And secondly, the utilization rate of the ozonized gas is improved, and the ozone tail gas pollution is reduced. After the ozonized gas is introduced into the reaction device, on one hand, the ozonized gas is in full contact with the electrode when permeating the membrane type porous electrode, and an electrochemical reduction reaction can be generated at a cathode interface to generate a ozonized system; on the other hand, the membrane type porous electrode can carry out secondary gas distribution on gas, promote gas-liquid mass transfer and improve the dissolution rate of ozone and oxygen. In addition, the tubular gas-liquid mixing device can further improve the gas-liquid mixing and gas-liquid mass transfer efficiency, thereby increasing the concentration of ozone and oxygen in a liquid phase system, improving the treatment efficiency, reducing the concentration of residual ozone in the discharged tail gas, reducing pollution and saving cost.

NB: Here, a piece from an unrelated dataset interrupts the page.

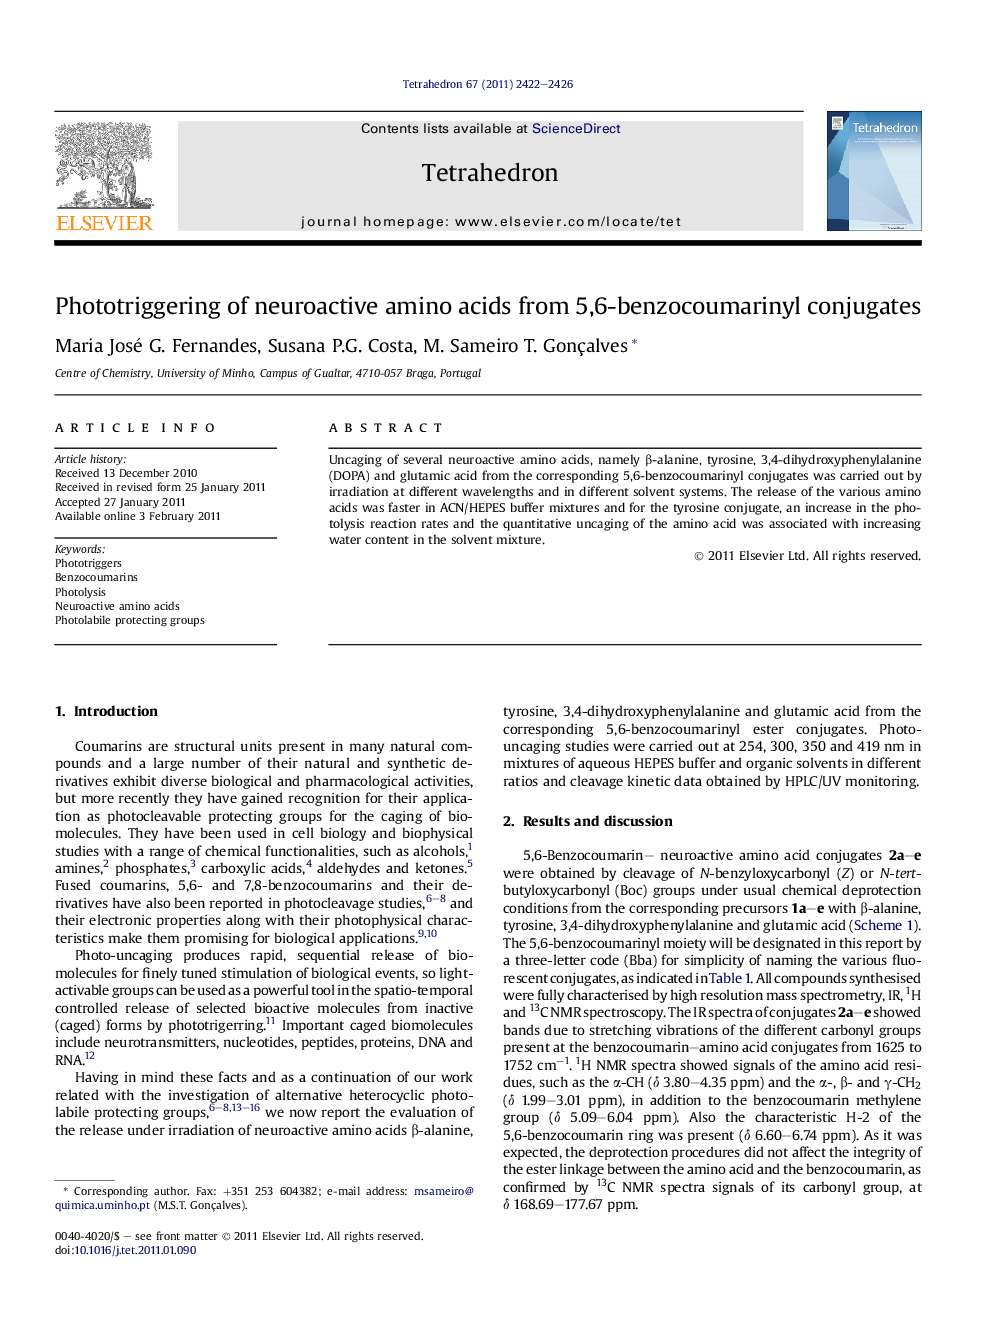 Phototriggering of neuroactive amino acids from 5,6-benzocoumarinyl conjugates

And the reaction zone is divided into a homogeneous reaction zone and an electrochemical reaction zone, so that the electrochemical reaction efficiency is improved, the practicability is realized, different redox reaction systems can be carried out under respective favorable conditions, and the treatment efficiency is improved. When the actual water body is treated, the water quantity is large, the process for preparing a large-area efficient electrode is difficult, the electrode area is limited to be small, and the reaction system cannot transfer mass effectively on an electrode interface, so that the practicability of electrochemical water treatment is limited. In addition, in the electrochemically-induced ozonation reaction, the generated products such as hydrogen peroxide may be further decomposed in the electrochemical system, and the reaction efficiency with ozone may be reduced. The invention separates the homogeneous reaction system and the electrode interface reaction system, can create favorable reaction conditions for the homogeneous reaction system and the electrode interface reaction system, realizes the feasibility of treating the actual water body, and improves the treatment efficiency.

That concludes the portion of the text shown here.